Et cette résistance du système de l’OMC face à la crise fait que selon Lamy, la meilleure issue est la conclusion du Cycle de Doha qui est aujourd’hui un “impératif économique”. Et il faut aller au-delà de la conclusion du cycle, il faut ouvrir d’avantage les marchés.

Il estime que « la spécialisation de la production et les structures d’exportation basées sur l’avantage comparatif sont au cœur de l’intégration économique européenne ».

Il a fortement loué cette pratique puisqu’il a laissé entendre que « la zone de libre-échange permet aux pays qui en font partie de tirer profit des gains d’efficience résultant de l’ouverture du commerce et générés par l’avantage comparatif, les économies d’échelle, la concurrence accrue, l’accès à différents intrants intermédiaires et l’affectation intrasectorielle des ressources. En outre, l’UE constituant une forme d’intégration encore plus approfondie, qui autorise la libre circulation des facteurs de production entre ses États membres, les ajustements s’en trouveront facilités en cas de choc économique asymétrique dans un pays ».

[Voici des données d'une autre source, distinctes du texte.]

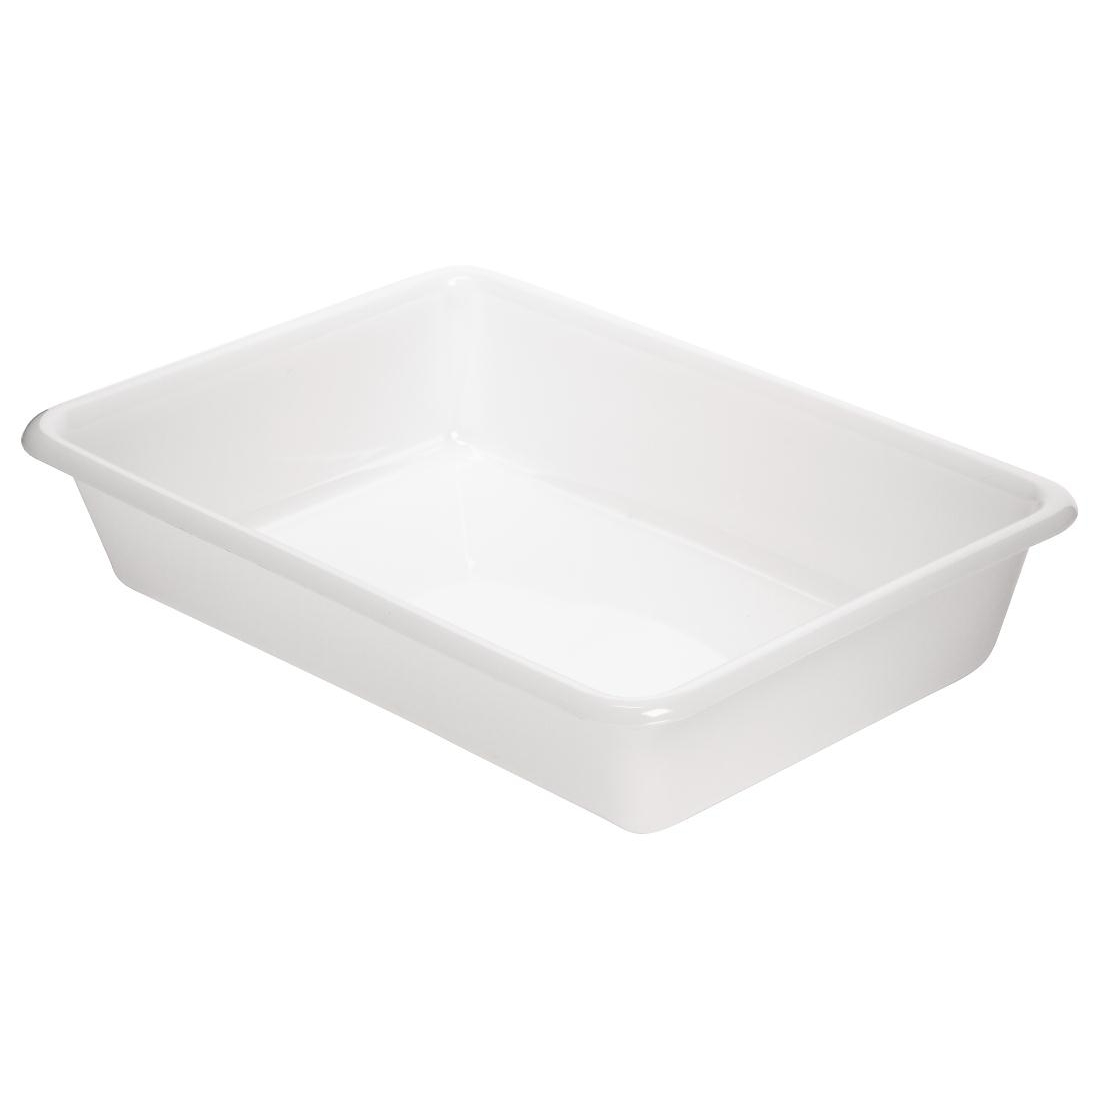 Araven Shallow Food Storage Tray 19in

La conclusion qu’il en tire c’est que tout le monde doit travailler pour que « le commerce reste ouvert » ce qui passera par la conclusion du Cycle de Doha, qui serait un accord qui « offrirait de nouvelles possibilités commerciales, grâce à la réduction des obstacles tarifaires et des subventions internes » mais aussi à la réduction des coûts fixes des échanges commerciaux.

A travers les arrangements commerciaux qui établissant des engagements contraignants pour les pays Membres, la croissance économique pourrait se traduise par la création d’emplois.

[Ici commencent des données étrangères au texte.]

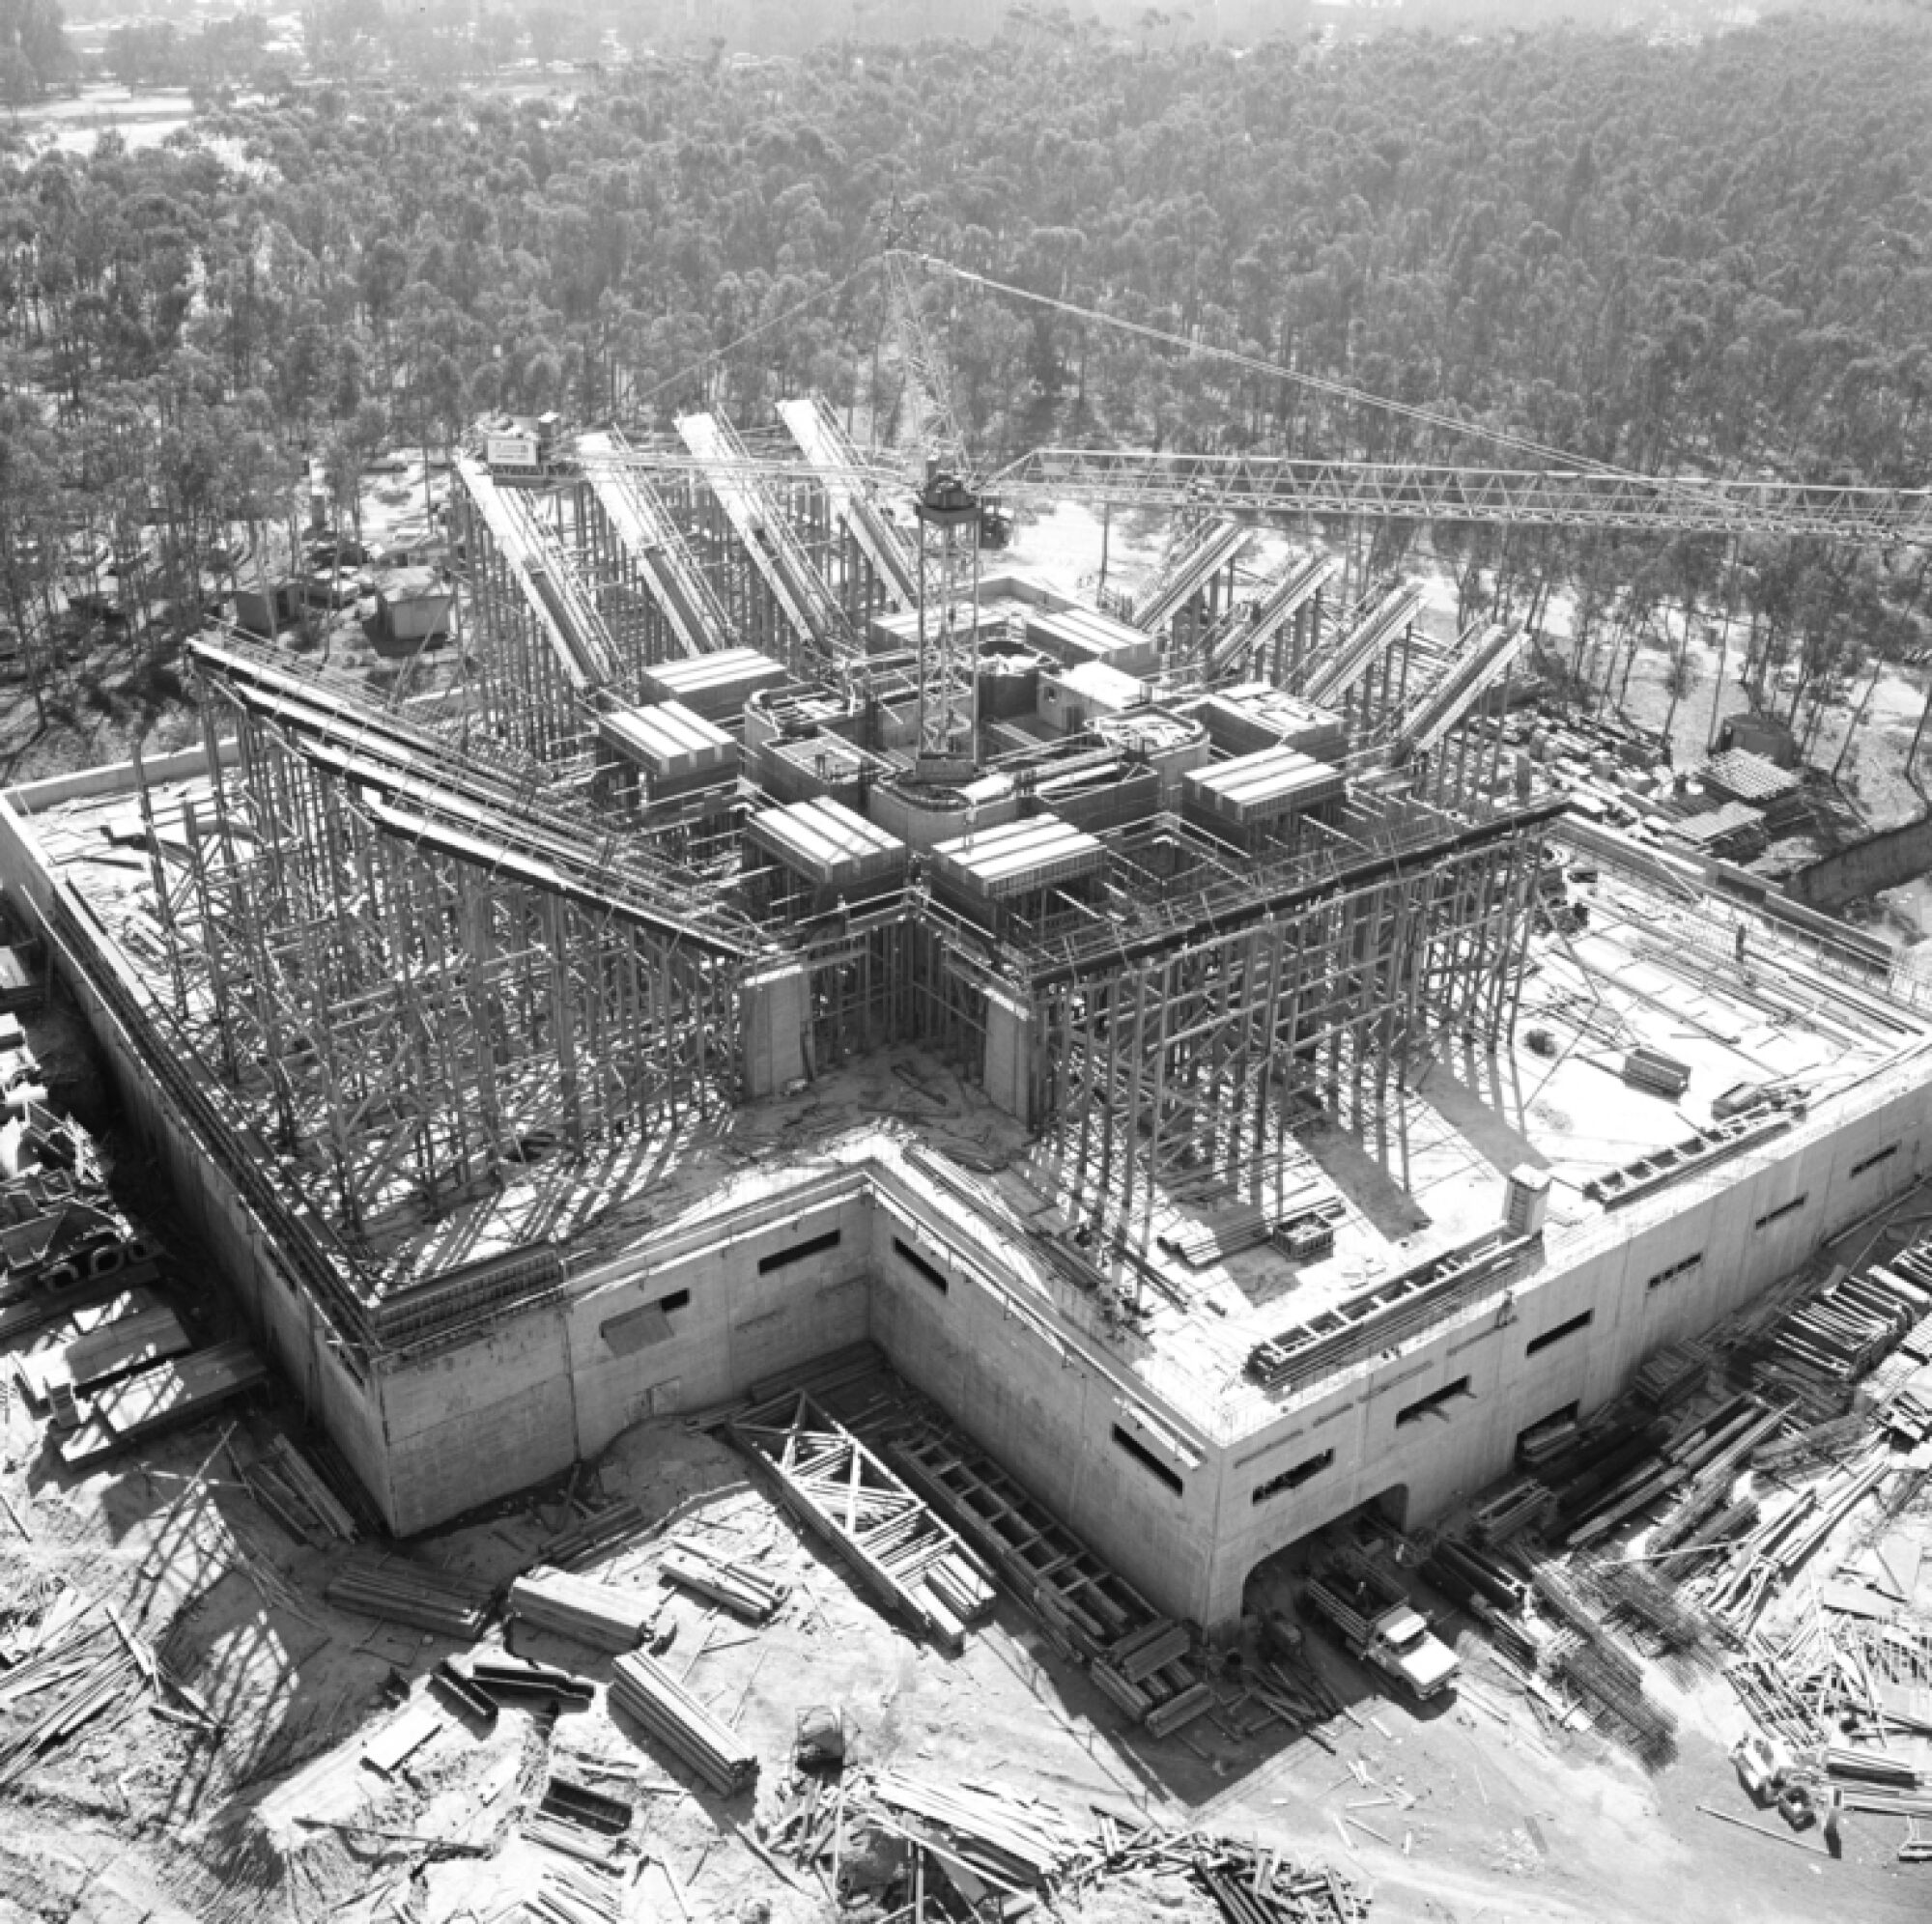 UCSD's Central Library (now Geisel Library) under construction in 1968.

Dans la conclusion de son long plaidoyer, Lamy dit : « Il est évident que l’ouverture des marchés risque d’exposer des pays et leurs populations à une plus grande volatilité. Mais la réponse ne saurait résider dans le refus de l’ouverture. Elle doit être de s’assurer que l’ouverture des marchés est encadrée par des règles internationales et par des politiques nationales et internationales, comme l’Aide pour le commerce, qui atténuent les effets défavorables éventuels pendant la période de transition ».

Dans la réalité des négociations, il est noté peu d’avancées. Dans  le domaine de l’agriculture, seul les discussions sur les modèles de présentations avancent. Le Président poursuit ses consultations, en particulier dans le domaine du Mécanisme de Sauvegarde Spécial (MSS), où certaines questions techniques sont à l’examen, y compris sur la base de communications des Membres et dans le domaine de la simplification des tarifs, la création de contingents tarifaires. Des discussions sont aussi menées dans le domaine des produits tropicaux et l’érosion des préférences.

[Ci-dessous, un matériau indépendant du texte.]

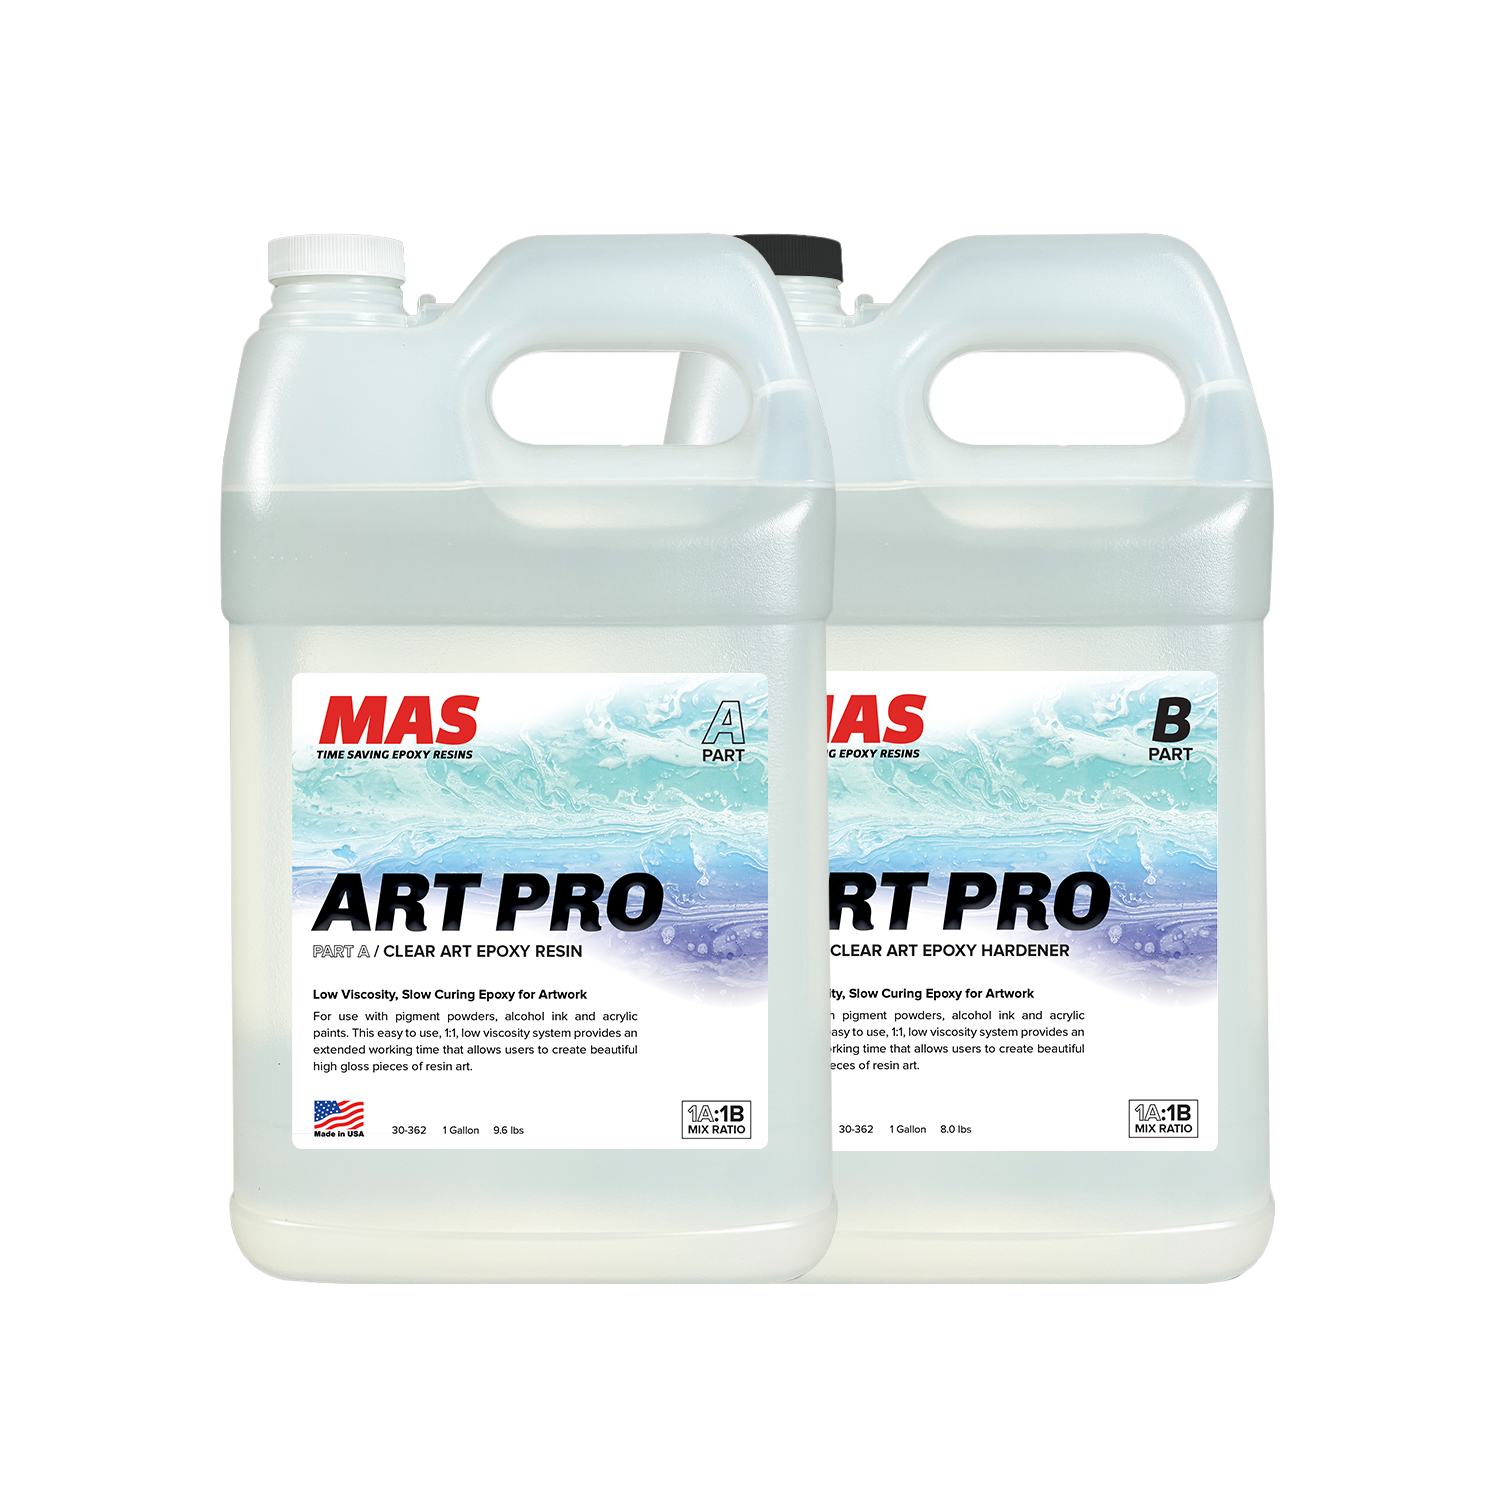 Art Pro Epoxy Resin with UV Resistance and Extended Working Times Questions & Answers

Dans le domaine de l’AMNA aussi, les discussions sont menées mais aucune avancée significative n’est notée, le Directeur de l’OMC a lui-même reconnu cette lenteur en estimant qu’ « à l’évidence, les Obstacles non Tarifaires (ONT) ne sont pas un domaine dans lequel des résultats peuvent être obtenus rapidement et il faudra encore beaucoup de discussions et de clarifications ».

Les discussions sur les services qui portent actuellement sur l’accès aux marchés, l’élaboration de règles et le texte d’un projet de dérogation pour les préférences accordées aux PMA, n’avancent pas.

En sommes, aucune des questions centrales dans les négociations n’avancent, mais cela n’enlève en rien l’optimisme du DG de l’OMC qui demande à ce que le bilan de mars “injecte de l’énergie politique et du dynamisme” dans les négociations.